Description of the task =
Within the records below, find each line with the word "Pink" and copy it out.

Records =
■ ■ ■

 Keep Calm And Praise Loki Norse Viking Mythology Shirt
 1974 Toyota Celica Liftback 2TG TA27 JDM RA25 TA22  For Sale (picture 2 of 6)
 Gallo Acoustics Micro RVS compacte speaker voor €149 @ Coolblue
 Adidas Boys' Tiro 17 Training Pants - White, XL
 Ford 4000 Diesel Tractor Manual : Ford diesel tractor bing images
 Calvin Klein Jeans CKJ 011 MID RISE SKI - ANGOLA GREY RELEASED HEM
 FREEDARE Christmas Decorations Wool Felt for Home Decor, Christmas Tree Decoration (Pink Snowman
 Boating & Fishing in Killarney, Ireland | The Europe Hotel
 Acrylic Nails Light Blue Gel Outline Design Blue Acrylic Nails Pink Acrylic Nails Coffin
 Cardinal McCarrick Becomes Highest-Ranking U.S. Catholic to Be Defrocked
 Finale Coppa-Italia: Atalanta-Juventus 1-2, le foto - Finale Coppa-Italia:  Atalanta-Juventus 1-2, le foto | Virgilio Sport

■ ■ ■

Answer section =
 FREEDARE Christmas Decorations Wool Felt for Home Decor, Christmas Tree Decoration (Pink Snowman
 Acrylic Nails Light Blue Gel Outline Design Blue Acrylic Nails Pink Acrylic Nails Coffin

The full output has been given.